### Task requirements
Print only what runs from the line that includes "Visitors create their" to the end of the listing, word for word, and do not include any pictures.

### Information supplied

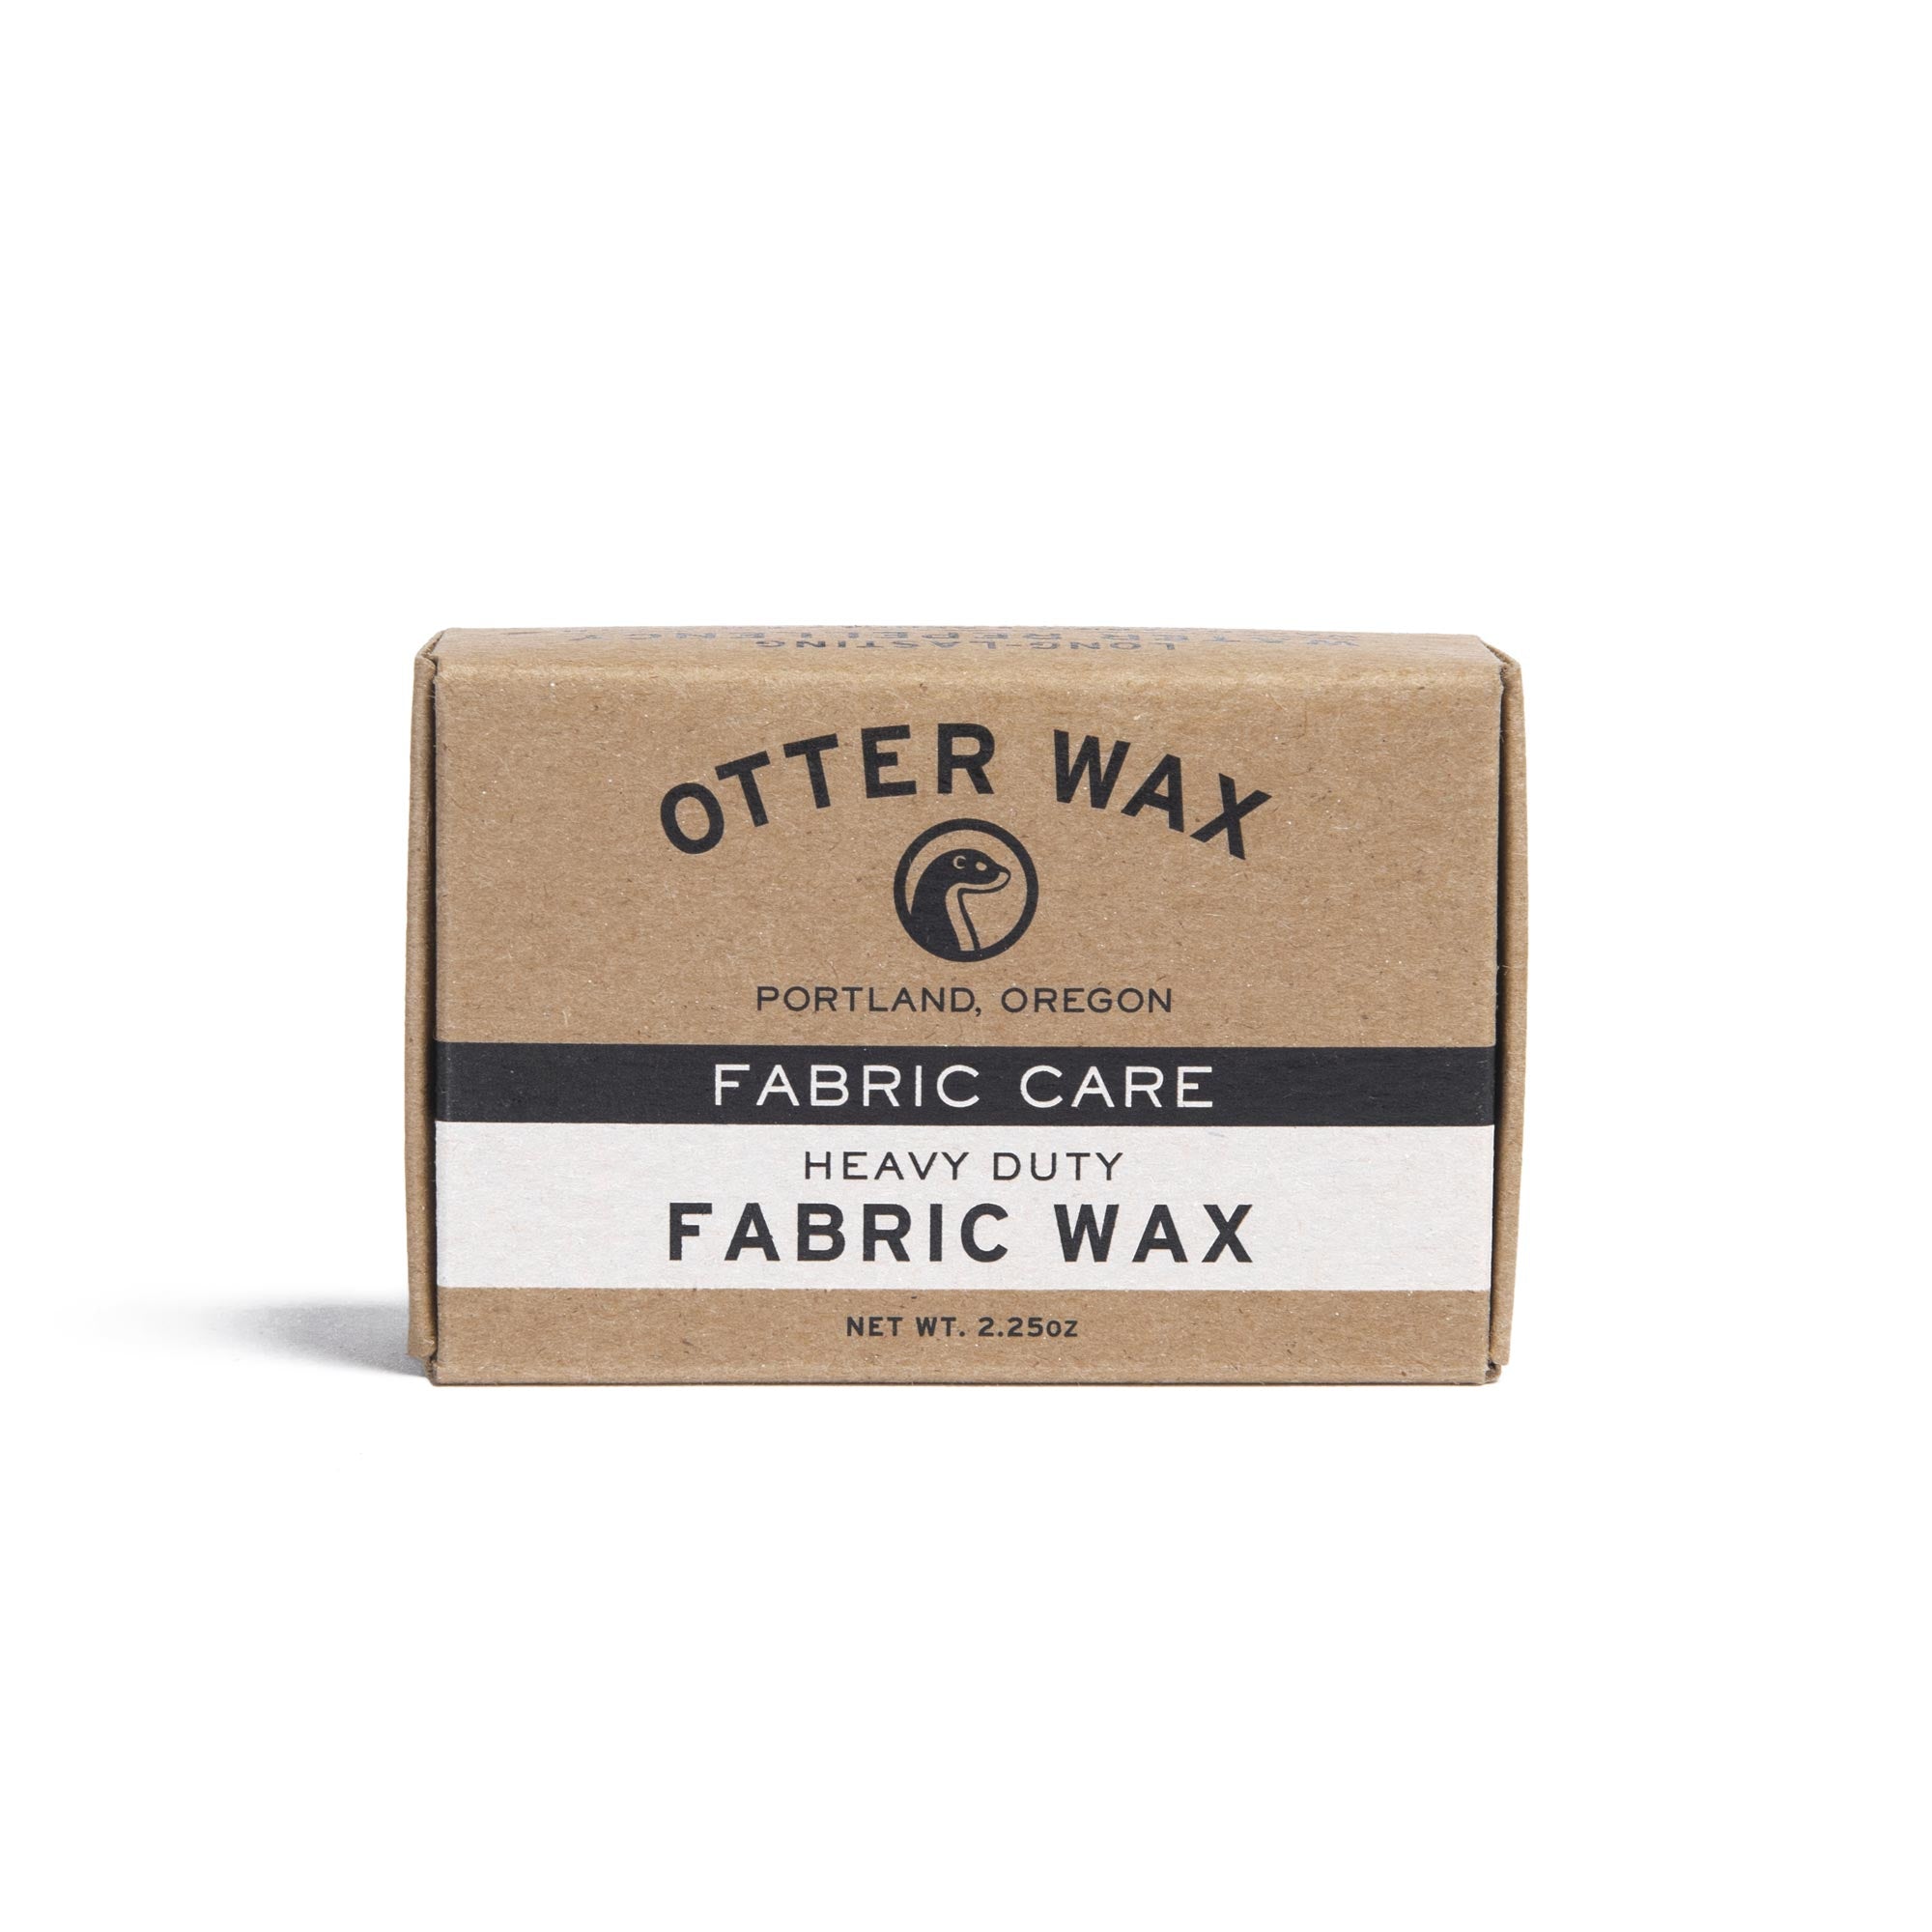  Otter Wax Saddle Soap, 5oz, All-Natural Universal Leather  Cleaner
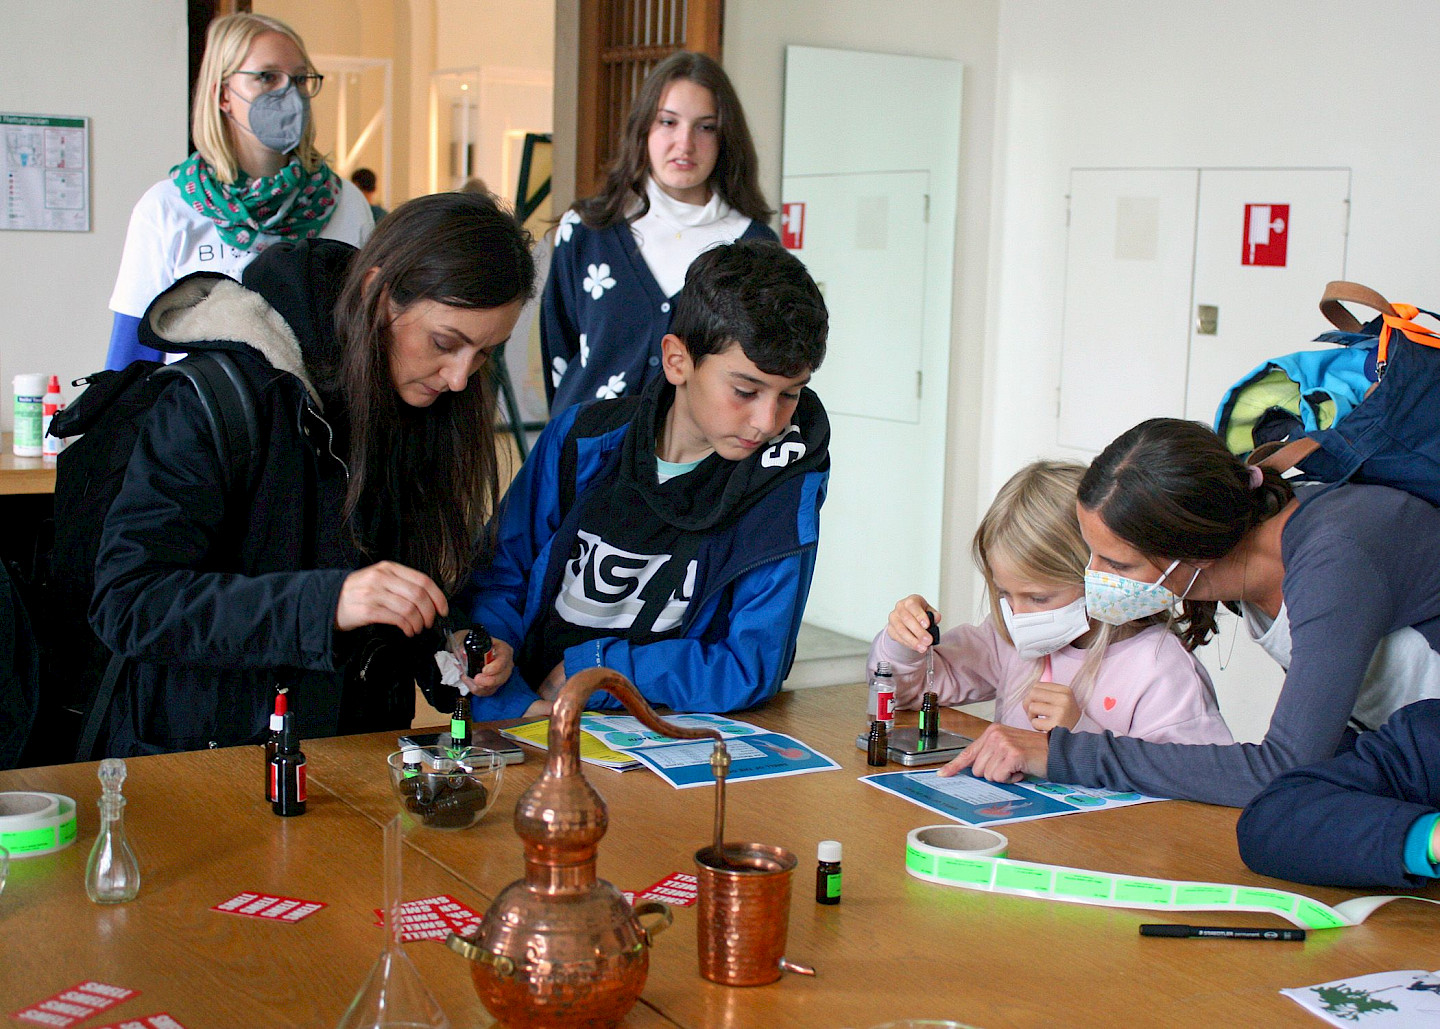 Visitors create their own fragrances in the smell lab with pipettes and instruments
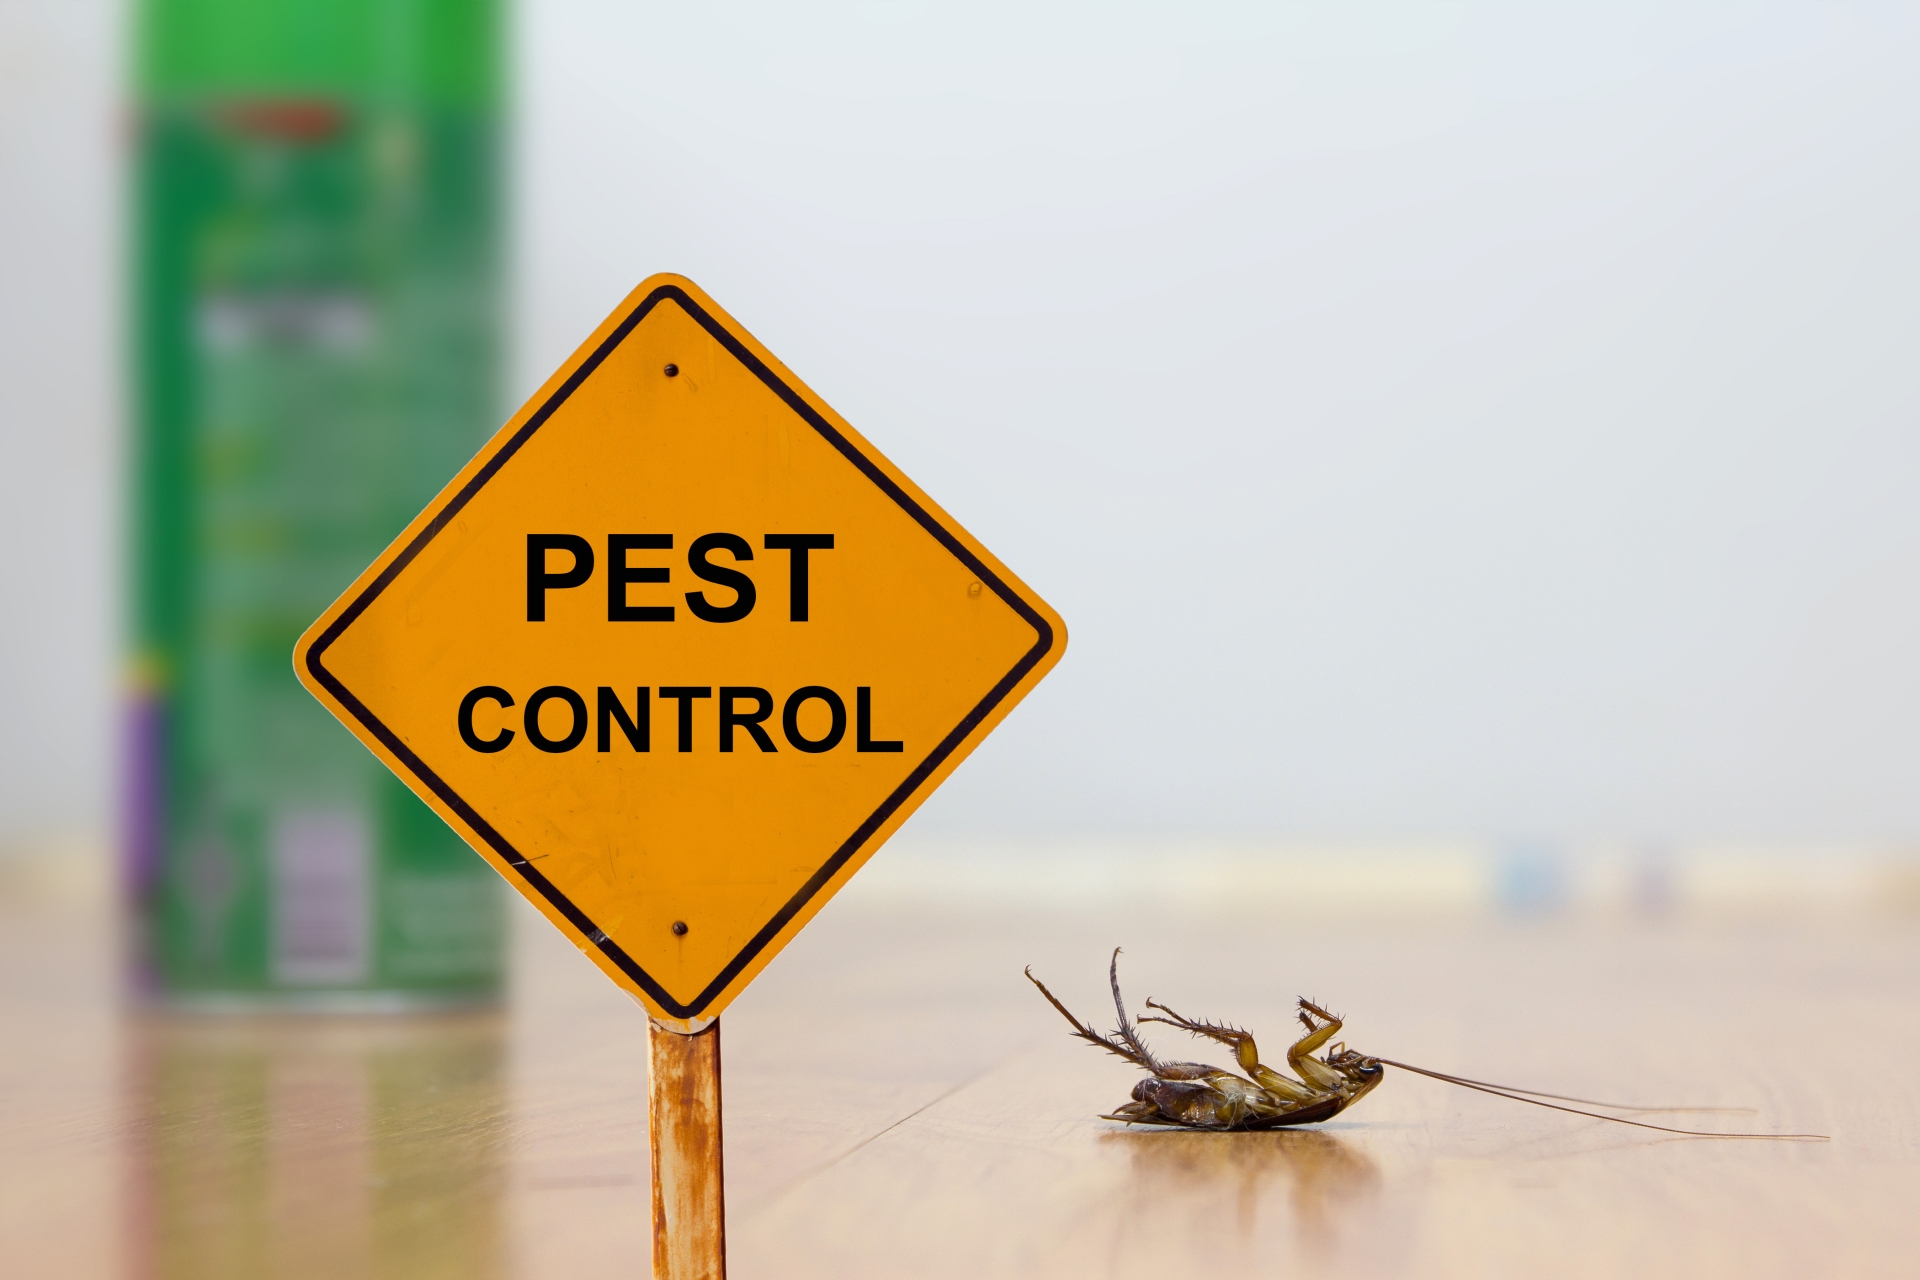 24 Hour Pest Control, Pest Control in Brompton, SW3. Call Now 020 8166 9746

### Written reply
 Visitors create their own fragrances in the smell lab with pipettes and instruments
 24 Hour Pest Control, Pest Control in Brompton, SW3. Call Now 020 8166 9746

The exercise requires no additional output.